Here, she speaks about the unusual childhood that led to her nomadic life today, the extremely arduous but life-changing journey she's been on and why she hates the word 'adventure'.

Tell me about yourself

I am an outdoor educator by training. I've been a writer and am a die-hard jeeper.

Basically, I am a driver at heart. I've done various things professionally but all of them connected to the outdoors.

What fuels your love for the outdoors? Why do you love driving so much?

I started going outdoors very early in life. I started trekking from the age of seven.

I went on my first Himalayan expedition at the age of 11. I grew up in Bengaluru and my childhood was spent hiking, trekking and climbing around the Western Ghats.

Intrinsically, somewhere I connected to a sense of challenge and accomplishment and that got addictive.

I thought that if I enjoy this so much then my career and long-term engagement has to be with the outdoors. I studied outdoor education and trained as an outdoor leader in the US.

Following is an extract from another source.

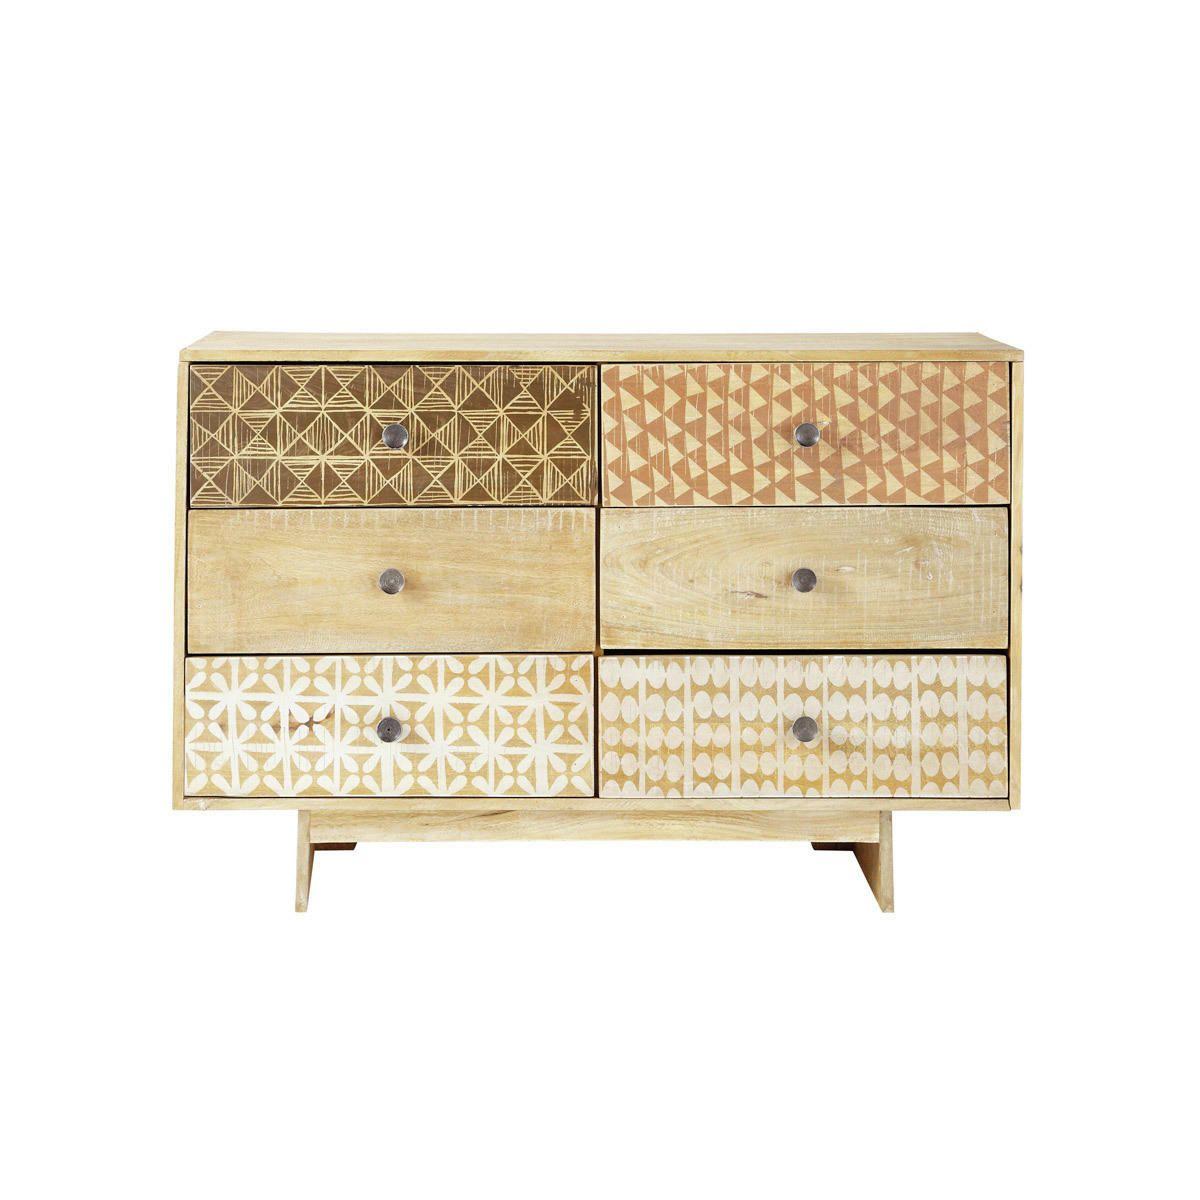 6-drawer dresser with designs - Serengeti Serengeti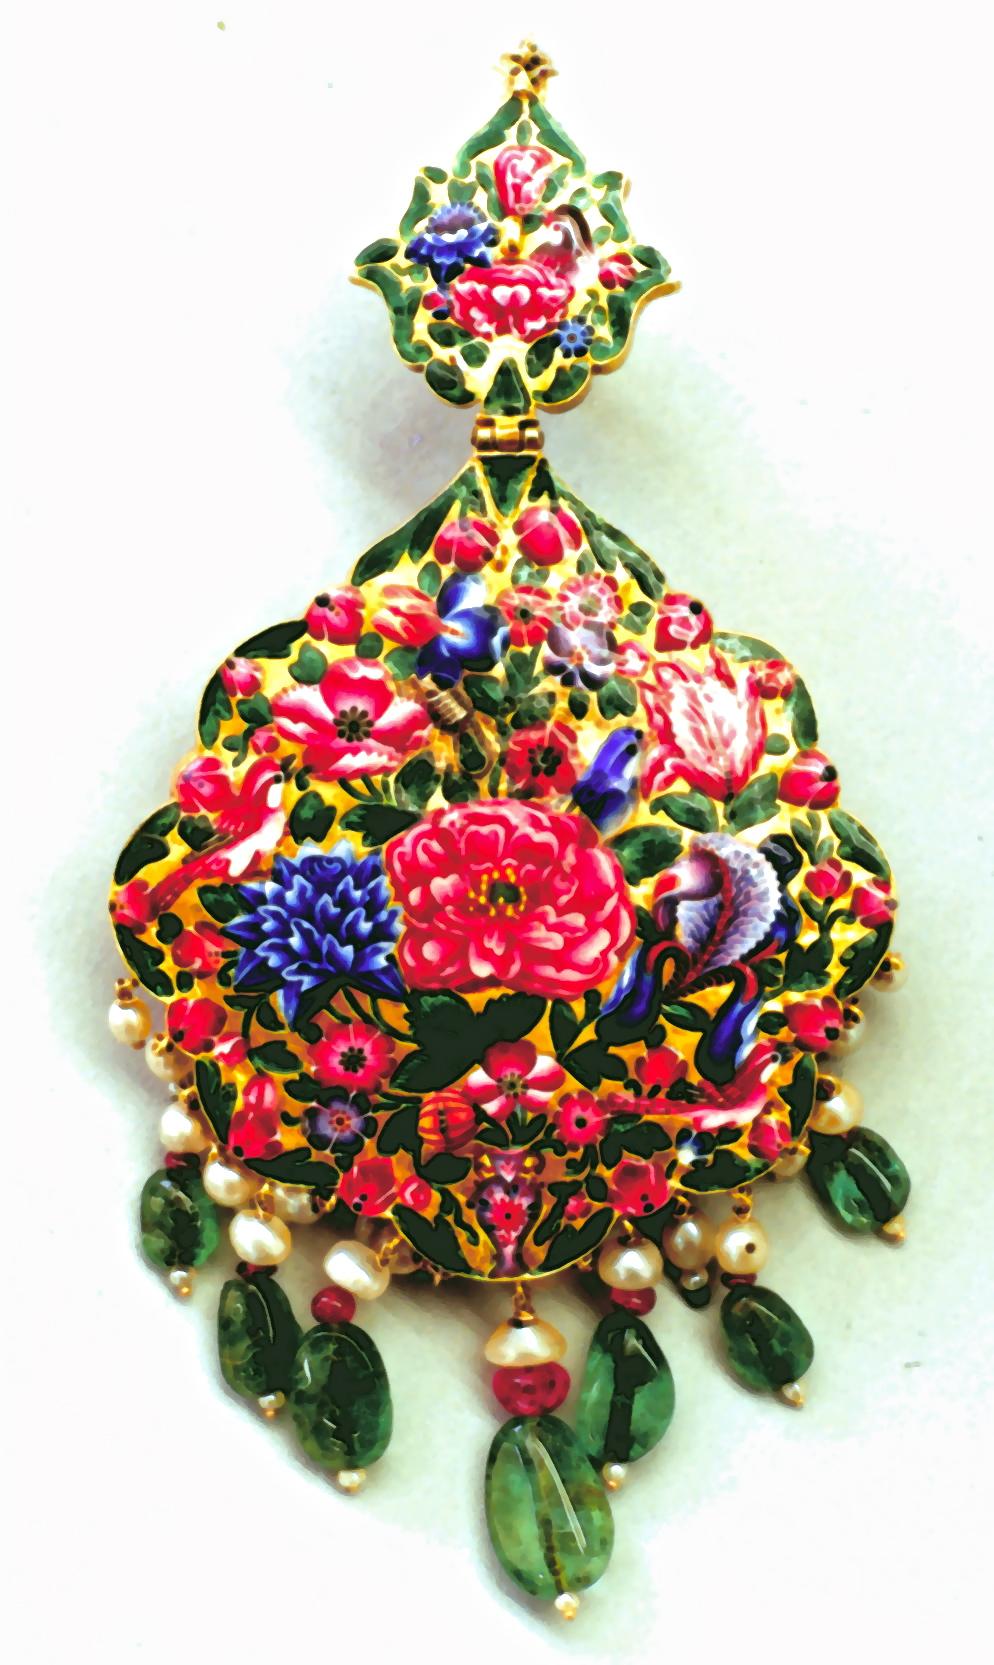 Persian Turban Orname copy. Jewelry Repair and Restoration.

For me, being outdoors has never meant being in competition with the outside world. This is why the term 'adventure' never appealed to me as much as the idea of competing with the self in harmony with the outdoor space.

As an outdoor educator I focus on growth and how one can use land, water, and forest as a medium to facilitate education and self-development.

My core competence is in being able to design curriculum, where you use the outdoors as a medium to teach mainstream conventional topics.

At what age did you get your driving licence?

At 18. This has been my professional chart. Simultaneously, I also used to write extensively for various newspapers and magazines because I had fascinating stories to tell.

Stories that I had discovered during my wildlife expeditions. Between 1995 and 2000, I wrote prolifically about those experiences.

How did your family background enable such an exciting and unusual childhood for you?

I come from a typical middle-class Indian home. My mother is a scientist and father an engineer.

My mother wanted me to become a strong and independent woman and so all the trekking, hiking and camping happened early on in life.

When they realised I've gone too far with it, it was too late.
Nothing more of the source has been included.